Prof. Dr. Winfried Hardinghaus, Vorstandsvorsitzender des DHPV freut sich auf die Aktion mit dem NDR: „ Sie wird – neben der praktischen Unterstützung – dazu beitragen, die Lebensthemen Krankheit, Sterben und Tod weiter ins öffentliche Bewusstsein zu bringen und für eine Kultur der Wertschätzung gegenüber kranken und sterbenden Menschen zu sensibilisieren.“

Zusätzlich zu den Programmaktionen wird es am 3., 8. und 9. Dezember in Hamburg bzw. Hannover Benefizkonzerte geben, bei denen die Künstlerinnen und Künstler unentgeltlich auftreten. NDR 1 Welle Nord, NDR 2 und das NDR Landesfunkhaus Hamburg sammeln zudem mit Versteigerungen Spenden für den guten Zweck. Nicht zu vergessen die Sendung „DAS!“, die bereits im September ihr Rotes Sofa für 11.000 Euro versteigert hat.

Am Freitag, 16. Dezember, mündet „Hand in Hand für Norddeutschland“ in den großen Spendentag: Von morgens bis abends nehmen zahlreiche Prominente sowie NDR Mitarbeiterinnen und Mitarbeiter telefonisch Spenden entgegen. Die Liste der freiwilligen Helferinnen und Helfer liest sich streckenweise wie ein norddeutsches „Who’s Who“ – dabei sein möchten u. a. Torsten Albig, Stephan Weil, Boris Pistorius, Peter Harry Carstensen, Rudolf Seiters, Kirsten Bruhn, Bastian Dankert, Till Demtroeder, Arved Fuchs, Martin Kind, Lotto King Karl, Heinz-Rudolf Kunze, Dirk Luther, John Neumeier, Hinrich Romeike, Katrin Sass und Hinnerk Schönemann.

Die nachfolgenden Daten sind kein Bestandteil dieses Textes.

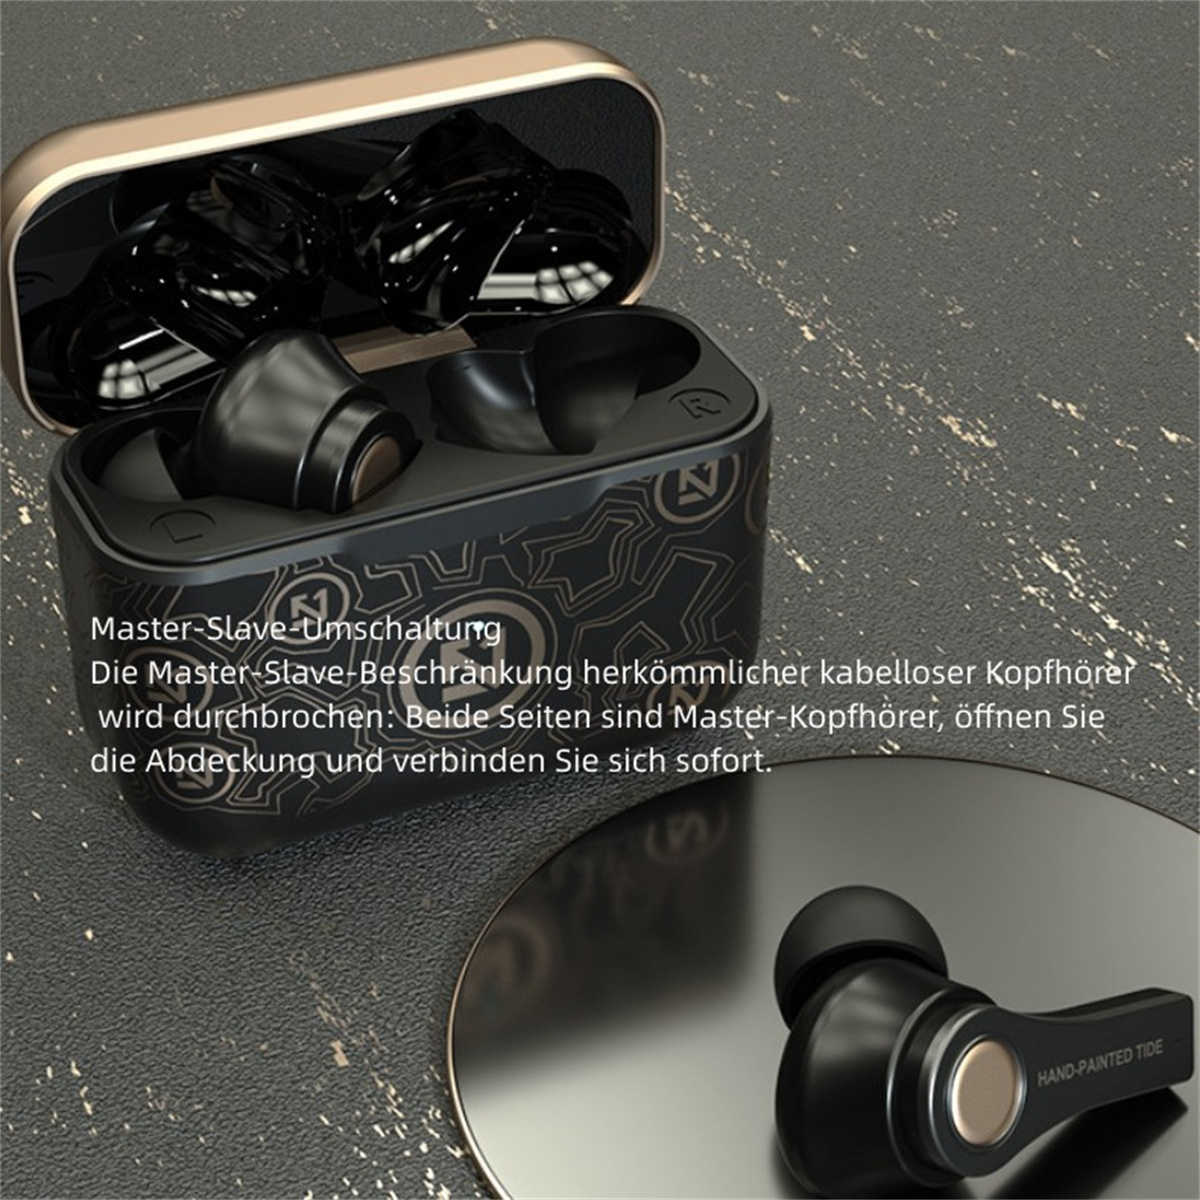 Geräuschunterdrückung, In-ear Wasserdichtes Bluetooth Bluetooth Schwarz mit Bluetooth Kabelloses schwarz In-Ear SYNTEK Headset Headset Kopfhörer

Im NDR Fernsehen präsentieren Judith Rakers und Jörg Pilawa ab 20.15 Uhr die Live-Sendung „Hand in Hand für Norddeutschland – Der große NDR Spendenabend“. Darin empfangen sie u. a. den Leiter des Hospizes Leuchtfeuer, Ulf Bodenhagen, sowie die Gründerin des Hospizes Sternenbrücke, Ute Nerge. Während des Abends nehmen an den Telefonen im Studio prominente Gäste weiterhin Spenden entgegen, darunter Nina Bott, Yasmina Filali, Michael Fitz, Volker Lechtenbrink, Lutz Marmor, Wolfgang Trepper, Saskia Valencia sowie Elke Wiswedel und Jens Mahrhold von NDR 2. Als Musikacts sind dabei u. a. Michelle, Max Giesinger, Silbermond und Matt Simons sowie der Poetry-Slammer Dominik Bartels, der sich mit dem Thema Tod und Sterben befasst. Im Anschluss setzt die „NDR Talk Show“ live ab 22.00 Uhr den Spendenaufruf fort und informiert über den aktuellen Spendenstand. Die zentrale kostenfreie Spenden-Telefonnummer ist 08000 637000.

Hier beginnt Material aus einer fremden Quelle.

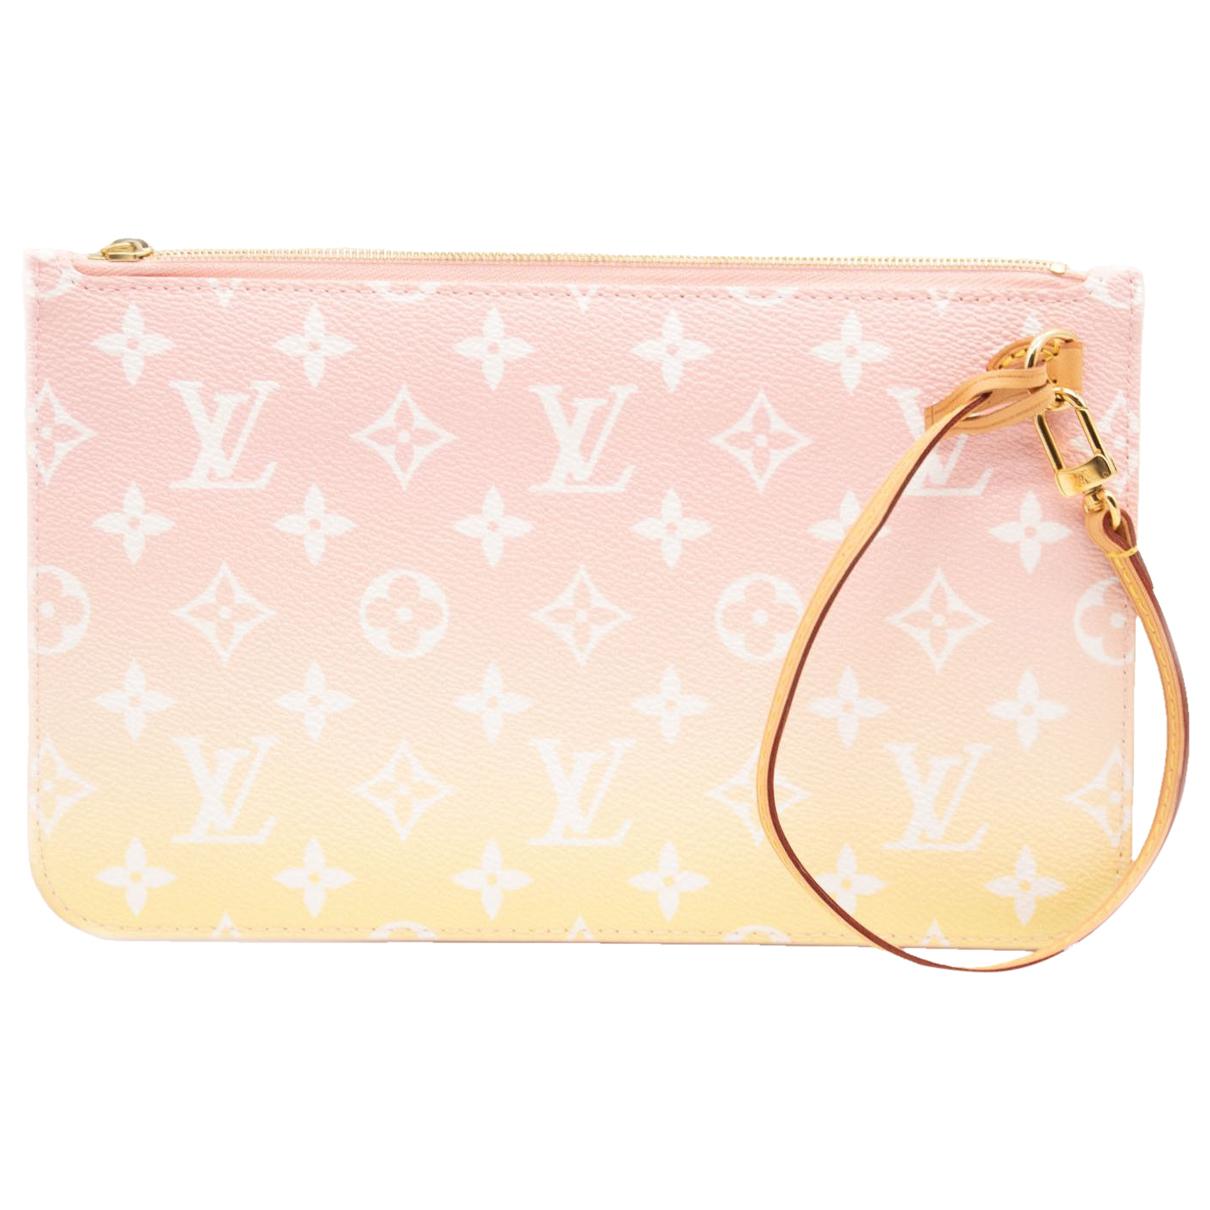 Néo speedy leather handbag Louis Vuitton Pink in Leather - 30663283

Das Spendenkonto für die Aktion ist eingerichtet bei der Bank für Sozialwirtschaft, IBAN: DE 47 251 205 100 100 100 100, Kontoinhaber: Deutscher Hospiz- und Palliativ-Verband e. V.; Spendenzweck: Hand in Hand 2016. Zuschauer, Hörer und Internet-Nutzer können per Online-Überweisung, in allen Banken und Sparkassen sowie über www.NDR.de/handinhand spenden.

Ziel der Hospiz- und Palliativarbeit ist es, Menschen durch Zuwendung und Unterstützung ein Sterben in Würde zu ermöglichen. Dazu gehören größtmögliche Autonomie bis zuletzt, Schmerzfreiheit und Geborgenheit in vertrauter Umgebung und im Kreis der Familie und Freunde, palliativmedizinische und -pflegerische Betreuung sowie verlässliche psychosoziale wie spirituelle Begleitung. Im DHPV, dem Dachverband von bundesweit mehr als 1000 Hospizvereinen und Palliativeinrichtungen, sind mehr als 100.000 Menschen vor allem ehrenamtlich und bürgerschaftlich engagiert.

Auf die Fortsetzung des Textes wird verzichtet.